Helping Others to Help Oneself, THE Journal
By: Margo Pierce
As student-run IT iniativies evolve into full curriculum progrmas, schools find that students aren't just supporting technology -- technology is supporting them.
IT’S AN AGE-OLD ADAGE: Students pick up technology faster than their teachers. So when it comes to troubleshooting technical headaches in the classroom, it’s not surprising that schools are turning to their own best resources—the students themselves.
Whether staffing a “genius bar” in the media center or troubleshooting a balky projector, students at some schools are forging working partnerships with teachers and IT staff that are a far cry from the days when a few kids helped repair old computers.

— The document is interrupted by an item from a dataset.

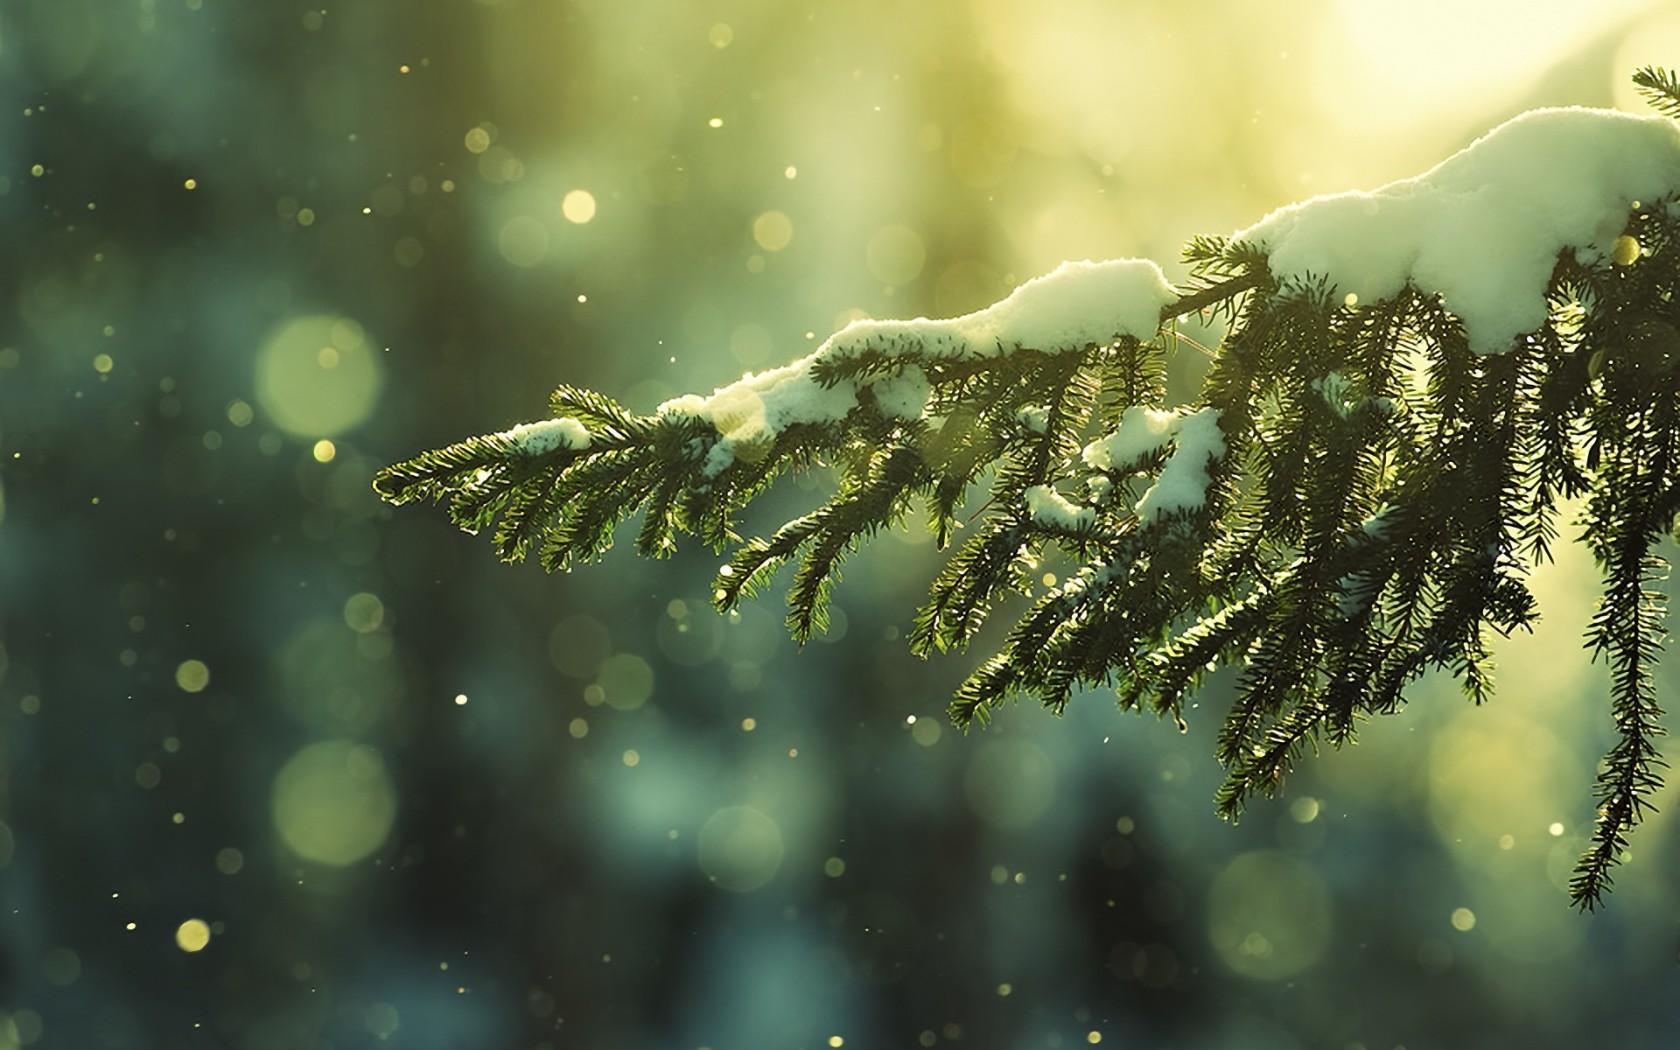 Previous, Holidays - Christmas wallpapers - Christmas Snow wallpaper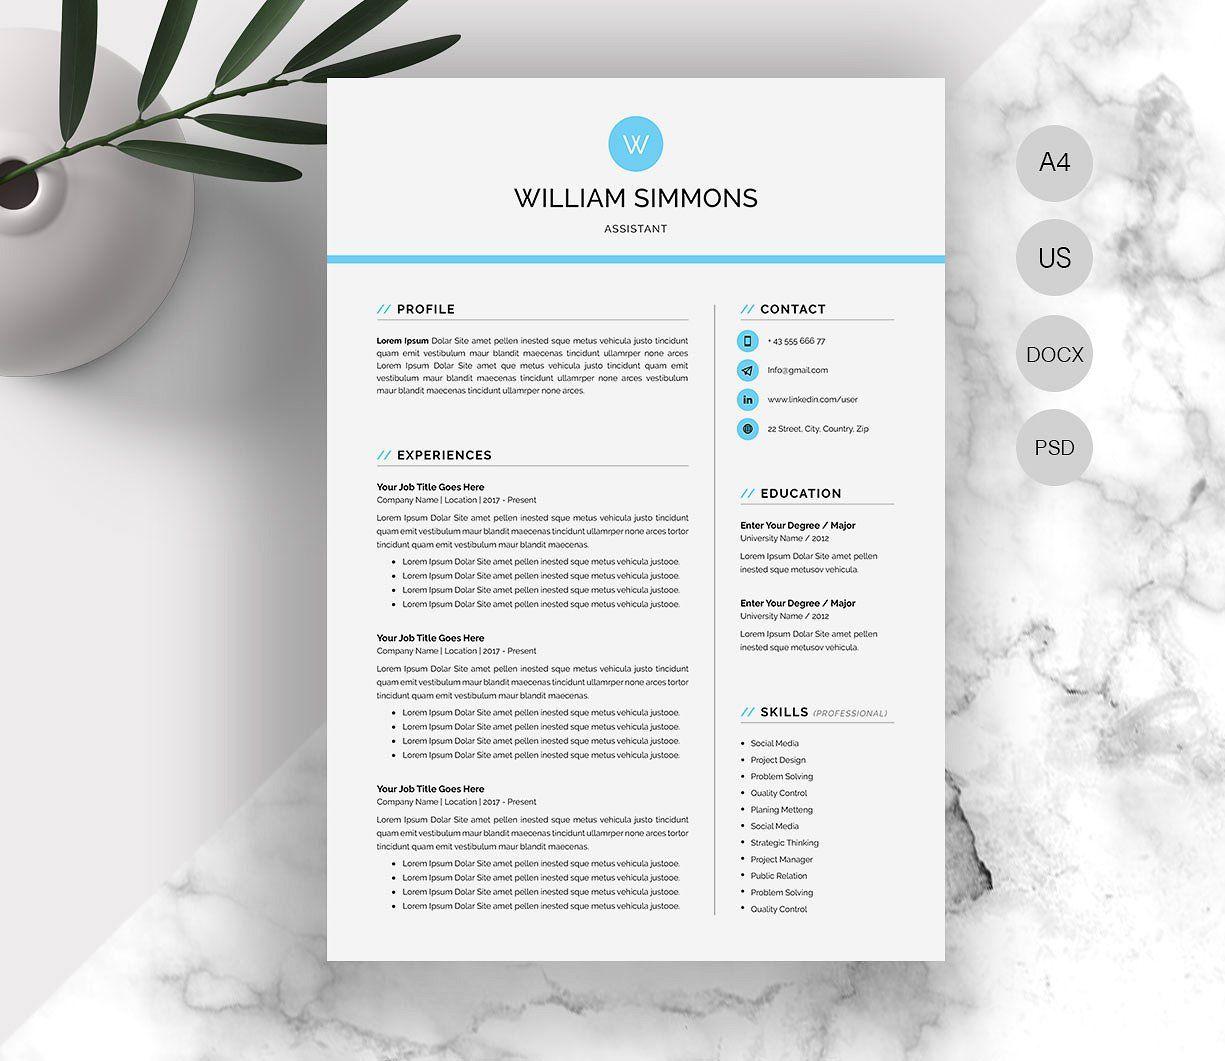 Word Resume Cv Resume Design Template Resume Cv Creative Resume Templates

For such partnerships to flourish, though, the conditions must be right. Trying to do too much—or giving students too little support—undermines collaboration, which is the very foundation of a successful program. And given today’s fiscal restraints, not many schools are in a position to build such programs from the ground up. However, a couple of not-for-profit organizations do offer established programs that allow schools to start small before scaling up.
The oldest is Generation YES (Generation of Youth and Educators Succeeding), founded in 1995 to help train students to support technology in their schools. “In many of our schools, the students work one-on-one with a teacher who has a project that they’re going to integrate in their class,” explains Sylvia Martinez, president of GenYES.
“Our curriculum teaches the student a number of things: the project process, project planning, mentoring...speaking to an adult. This is not just about technology skills.”
Scalable Technology
GenYES has developed a technology curriculum that is part instructor-led lessons and part student help desk. It offers certification in a number of technology areas, and promotes best practices for developing good digital citizens. To date, more than 75,000 students in 2,000 schools worldwide have participated in the program.
GenYES uses a scalable program structure that provides varying levels of support depending on a school’s needs. A basic site license, for example, grants schools three basic curriculum units with projects and activities that the instructor can teach, as well as suggestions for future projects that instructors and students can design themselves.
An optional, extended curriculum adds 20 units covering hands-on topics such as troubleshooting hardware and software problems, but it also focuses on media literacy, career opportunities, and building a portfolio of work samples. Both tiers include access to an online tool to track and manage help requests, making it possible for schools to run student-manned help desks.
For schools without a history of student participation in IT, the two-tier structure makes it possible to begin with a small after-school program where students learn what’s needed to provide tech support. If all goes well, schools can then ramp up to a semester or year-round course in technology training.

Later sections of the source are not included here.